[ovs-dev] [PATCH] flow: Extend 5-tuple hash calculation for non-IP packets

Gabor Halász gabor.halasz at ericsson.com
Thu Apr 5 09:26:18 UTC 2018


Hi,

I was focusing on keeping the algorithm of miniflow_hash_5tuple()  and flow_hash_5tuple () functions the same (as noted in the original comment).
Looking into the side-effects of the proposed modification:

1. miniflow_hash_5tuple is being called from dpif_netdev_packet_get_rss_hash during emc processing  to calculate hash of the miniflow (extracted from the pkt) in case the pkt does not already have a valid rss hash.
2. flow_hash_5tuple is being called from
    a. bond_hash
        i. For a NORMAL output action, bond_choose_output_slave is responsible for selecting the outgoing port (for compose_output_action). 
          In balance-tcp mode (calling flow_hash_5tuple), the behavior of the bond will change for non-IP pkts. 
          Previously, all non-IP flows resulted in the very same hash value and thus ended up on the same out port, now they are also balanced. 
        ii.

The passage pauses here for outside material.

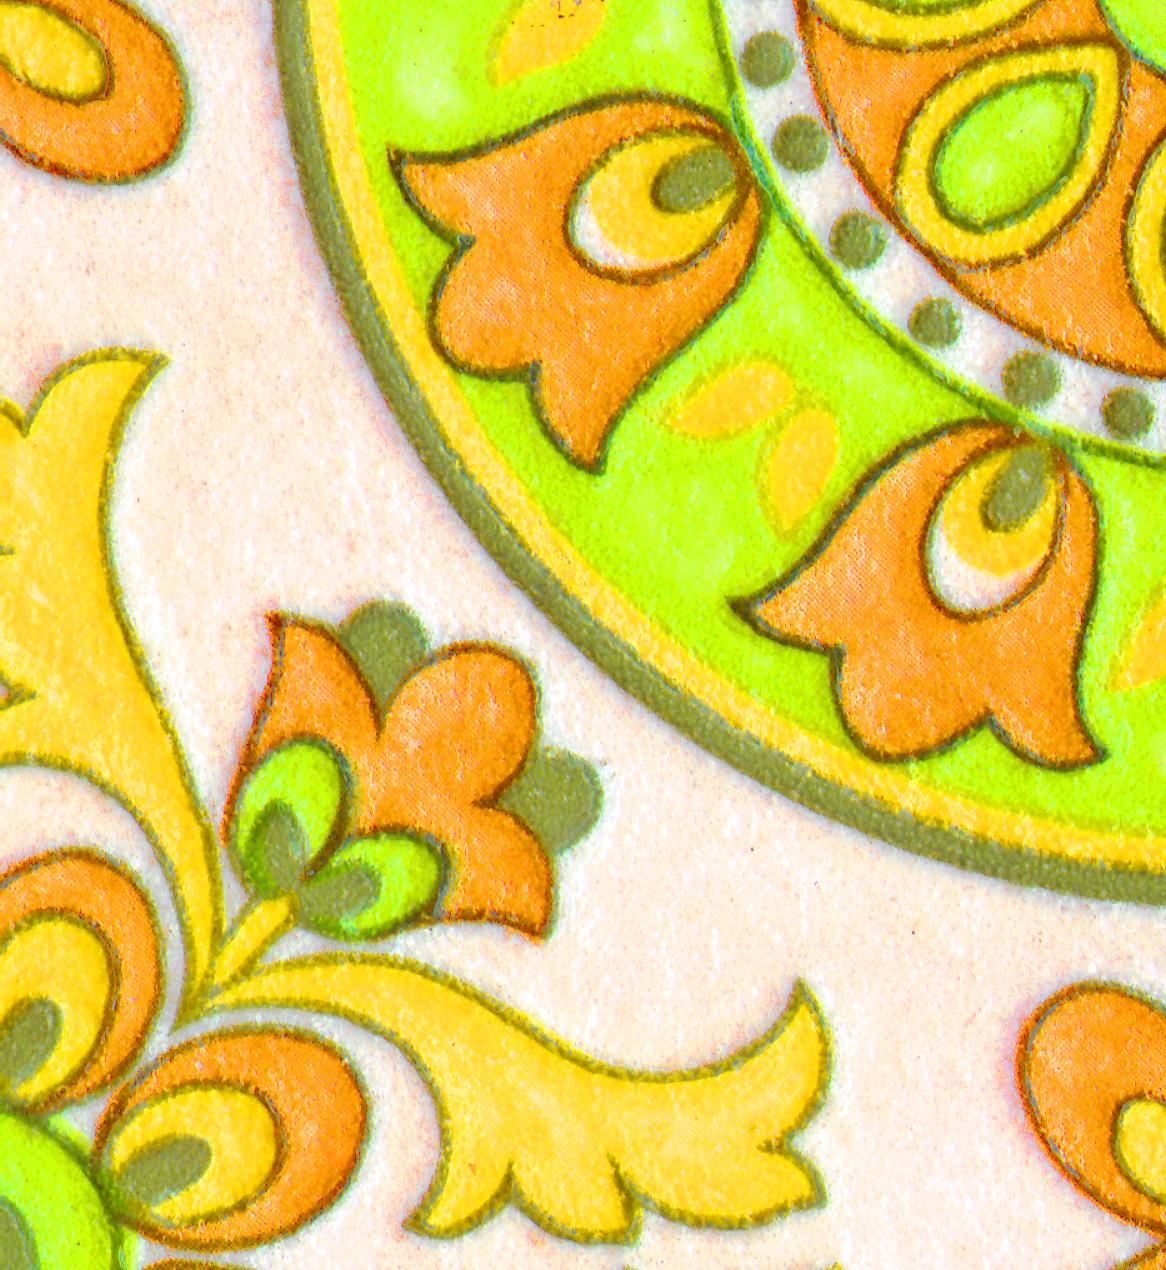 Papier Peint Adhesif Mural - Yeda Design Papier peint textile et vinyle adhésif
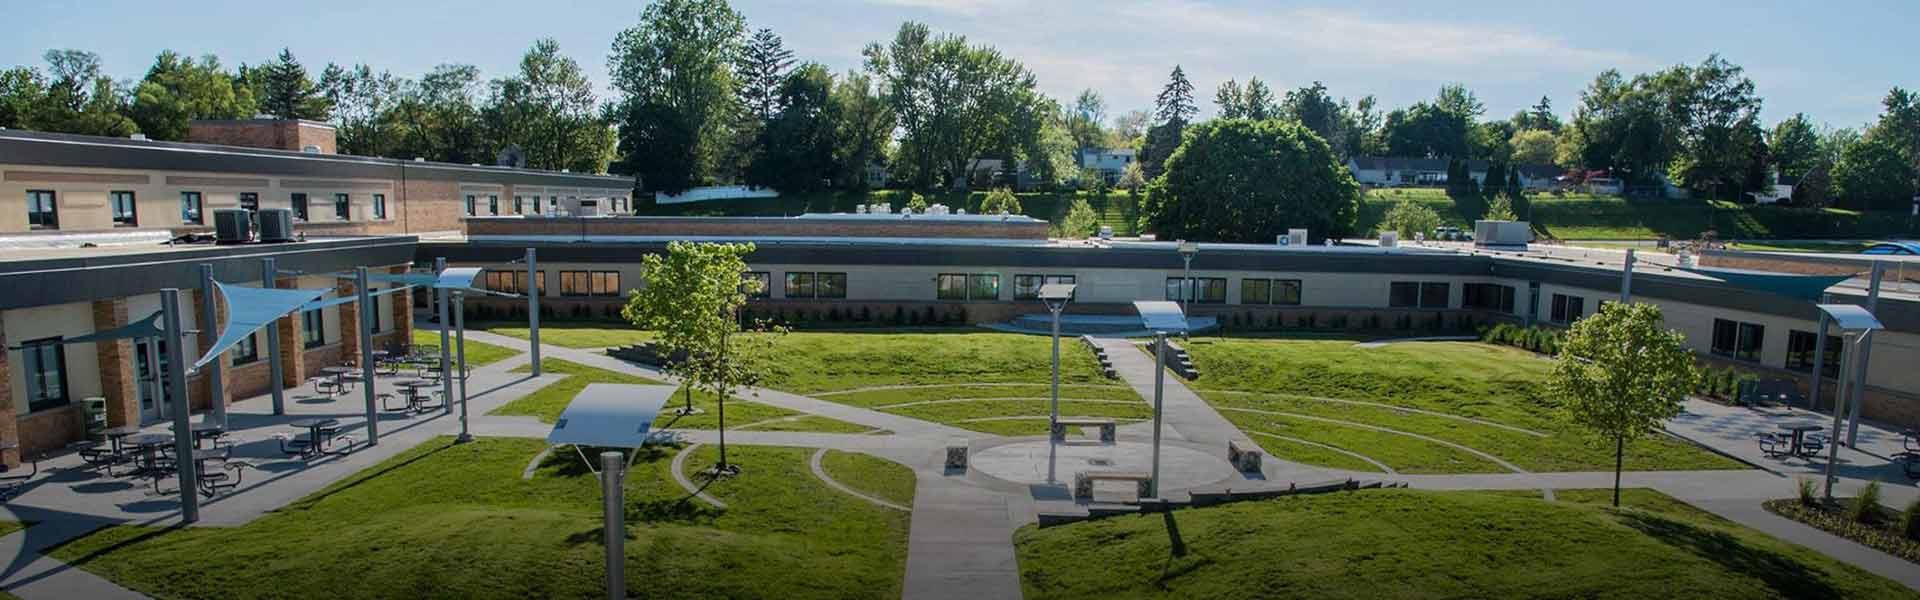 Campus picture of Adrian High School in Michigan

OVS may send gratuitous learning pkts on a bond by bond_compose_learning_packet.
            Same as above, don't think it matters which port we are sending this out on.
        iii. bond_account  notifies 'bond' that 'n_bytes' were sent in 'flow' within 'vlan'. 
             I think this takes part in rebalance so it has to give the entry that really carries the traffic of that flow, so has to be aligned with the output of bond_choose_output_slave.
    b. compose_sample_action
        Used by dpif_port_get_pid in the case where the "provider allocates multiple Netlink PIDs to a single port (it may use 'hash' to spread load among them). 
        The caller need not use a particular hash function; a 5-tuple hash is suitable."
        Don't think it can cause any trouble, just end up in better distribution of slow path actions (if multiple PIDs are provided) - I am not sure if I have seen PIDs different than "0" in our datapath flows.
    c. compose_slow_path
        Same as above.
    d. dpif_netdev_execute
        At this stage, the pkt "may not have gone through the datapath at all, it may have been generated by the upper layer  (OpenFlow packet-out, BFD frame, ...).
        In this case, calculate and set a hash for it, and then call odp_execute_actions. 
    e. odp_execute_actions
        In case of OVS_ACTION_ATTR_HASH action, again, calculate hash for the bond if there is no valid rss.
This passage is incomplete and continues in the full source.